If you only read one collection by Kinnell, this is a great one. But I guarantee it will leave you want to read more.
I've been savoring this book at the rate of a poem per month since my daughter gave it to me. (Don't ask how many bookmarks are propped up beside my bed.)
Gallway Kinnell's anthology is a tour de force of free verse. Kinnell speaks in an unstilted, vernacular voice that requires no academic dissection. The poems are rife with sensory description and rich with apt and original metaphor. Each poem stands alone as a satisfying emotional experience and as a unique insight into the the poet's life.
In the chronological progression of the anthology, the poems become more personal, more powerful, and more varied. It is as if the poet, having accepted the bridle of his muse, is driven year by year at an accelerating pace of insight and passion. Galway Kinnell proves that man can outrun his banshee.
I enjoy the second half of this collection so much so that my neutrality concerning the first half seems unimportant. He got better with time, is what I'm saying. Favorites include:
"Little Sleep's-Head Sprouting Hair in the Moonlight" [I'm never not moved by the line 'forever in the pre-trembling of a house that falls.'] "Wait" "The Last Hiding Place of Snow" [incredibly gorgeous and tender] "The Road Between Here and There" "Prayer" "When One Has Lived a Long Time Alone" "Sheffield Ghazal 4 +5" "Neverland"

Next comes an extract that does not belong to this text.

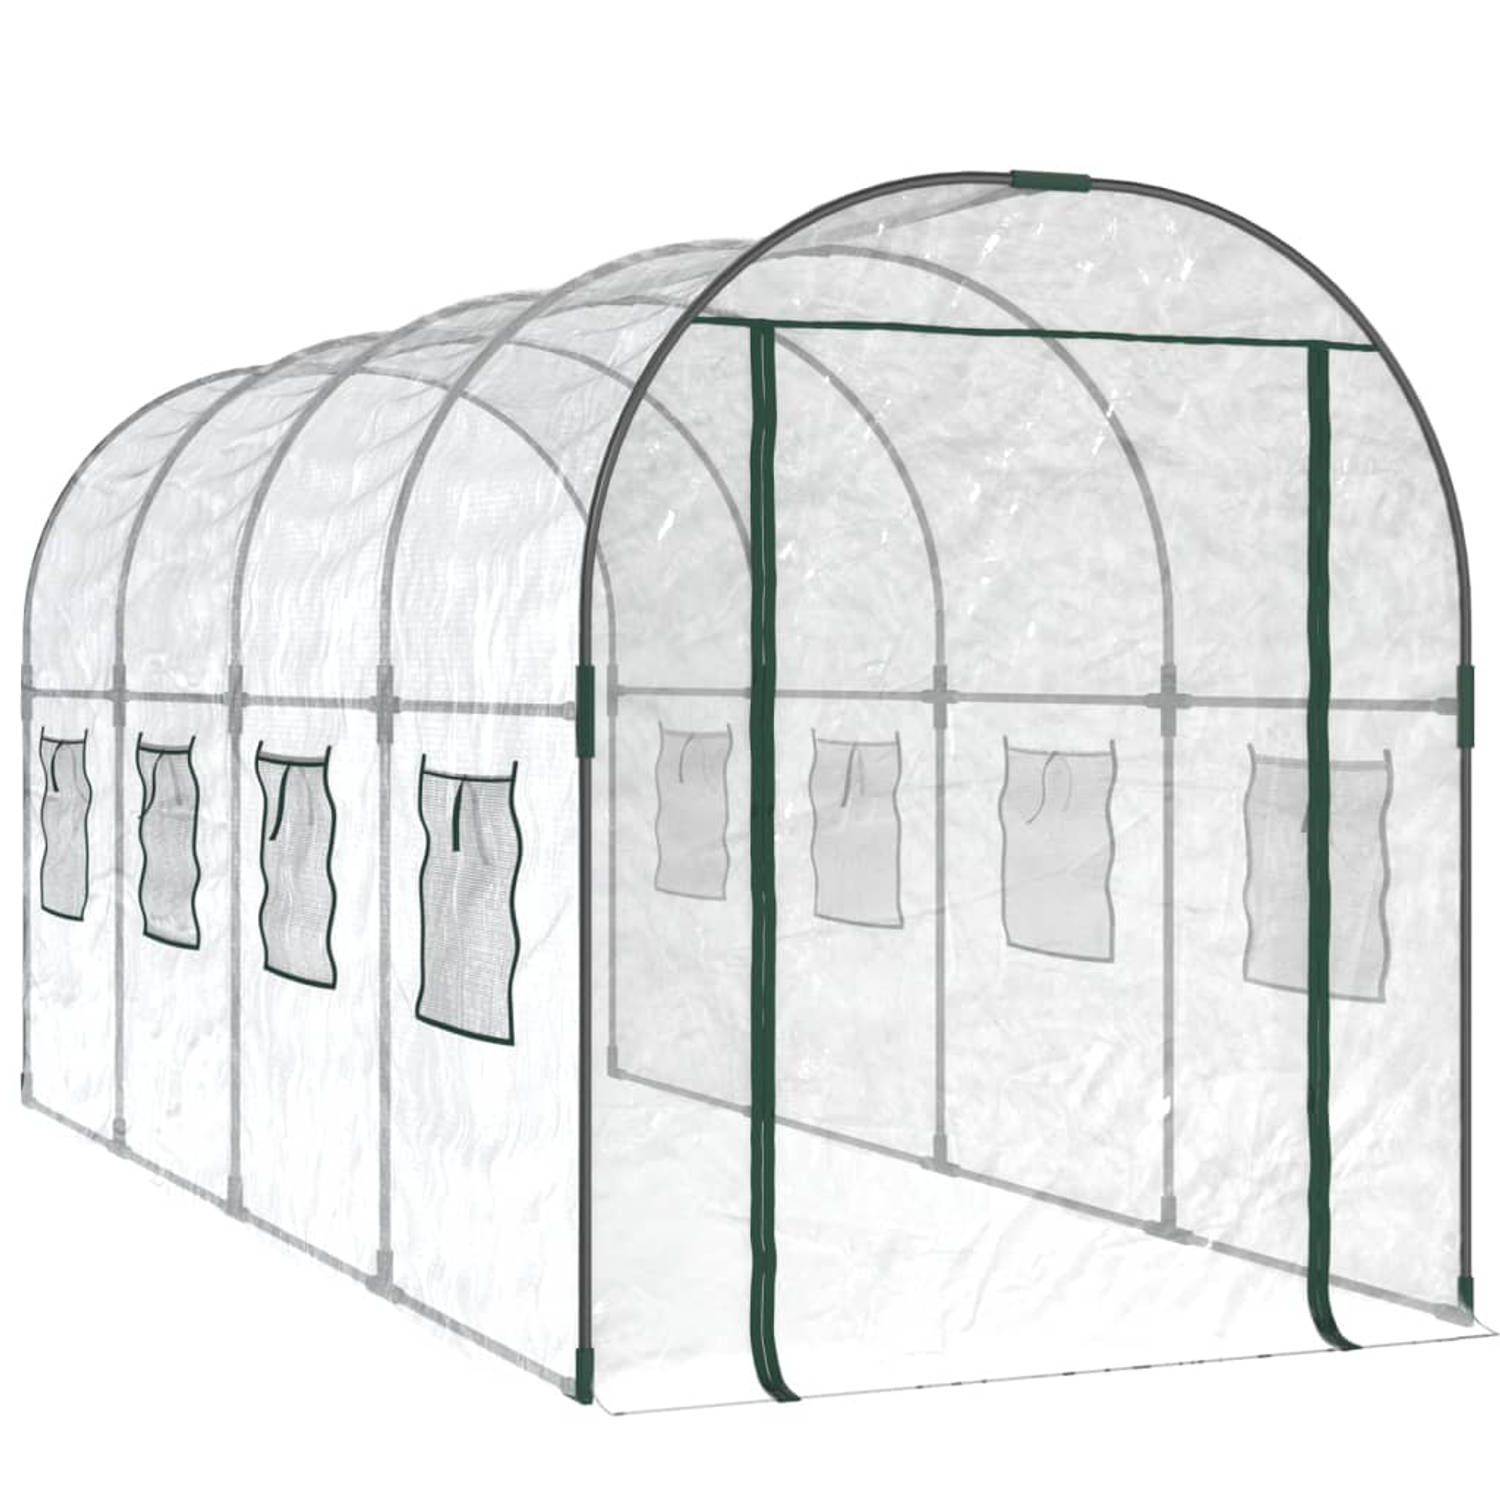 The Living Store Tuinkas - Grote kas 160 x 400 x 190 cm - Stabiel frame - UV-bestendige afdekking - Praktische bescherming voor planten - Oprolbare ramen en voordeur - Handleiding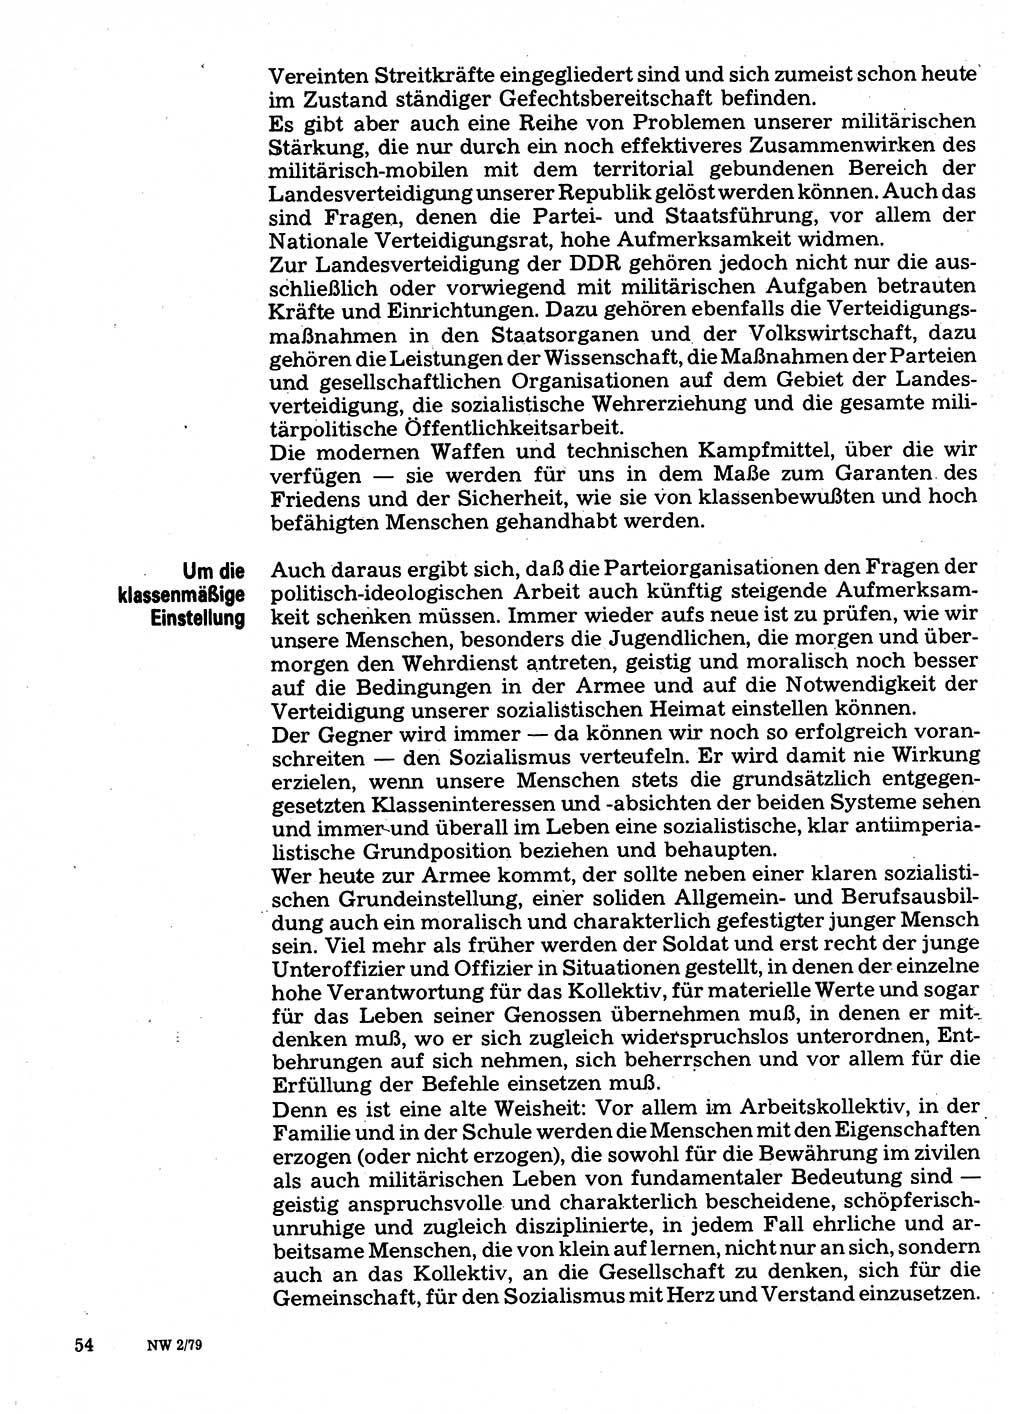 Neuer Weg (NW), Organ des Zentralkomitees (ZK) der SED (Sozialistische Einheitspartei Deutschlands) für Fragen des Parteilebens, 34. Jahrgang [Deutsche Demokratische Republik (DDR)] 1979, Seite 54 (NW ZK SED DDR 1979, S. 54)

I would really like to re-read Galway Kinnell with a friend who is more knowledgeable about the Bible, because his work is full of allusions that I don't understand well.
I read a few of these poems after hiking up to Romero Pools in Catalina State Park with friends this fall, and the setting definitely added to my sense of awe.
His earlier works, from _What a Kingdom It Was_ and _Flower Herding on Mount Monadnock_, are so much more powerful and graceful than his latter collections of poetry. Overall, a good sample of Kinnell's work as it includes several poems which display his beautiful language and stunning inquiries.
I saw him read this past April and fell in love with Galway all over again. The man is 83 and still sharp, still hilarious. He is a dude's dude who's not afraid to write about real emotions and the banal miracles of everyday life. Go figure!
It is hard to say that I have finished a book of poetry. Let's just say I have returned the book to the library. The poems that I read were wonderful. I will check the book out again sometime - maybe even soon.
The collection is a great book displaying the many dimensions of Kinnell. It contains excerpts from The Book of Nightmares, also including poems from the Vermont Poems. The poems in this book are often revisions of previous work, which in terms of craft is very helpful to see.
Just having "The Avenue Bearing The Initial of Christ Into The New World" in this volume is enough reason to snap it up if you're lucky enough to find it. It's become my favorite volume in my poetry collection and I'm savoring it poem by poem. Kinnell's work is a real treasure.
I keep coming back to "Saint Francis and the Sow," the kind of revelation that gives life to an earthy, muddy poetics. Kinnell can be a little too muddy for my taste, but when he focuses in--on the "long, perfect loveliness of sow,' for example--he astounds.
Selections from previous published works, called "A New Selected Poems" because there is already a volume called "New Selected Poems." Accessible, easily relatable poetry about love, life, and everyday things.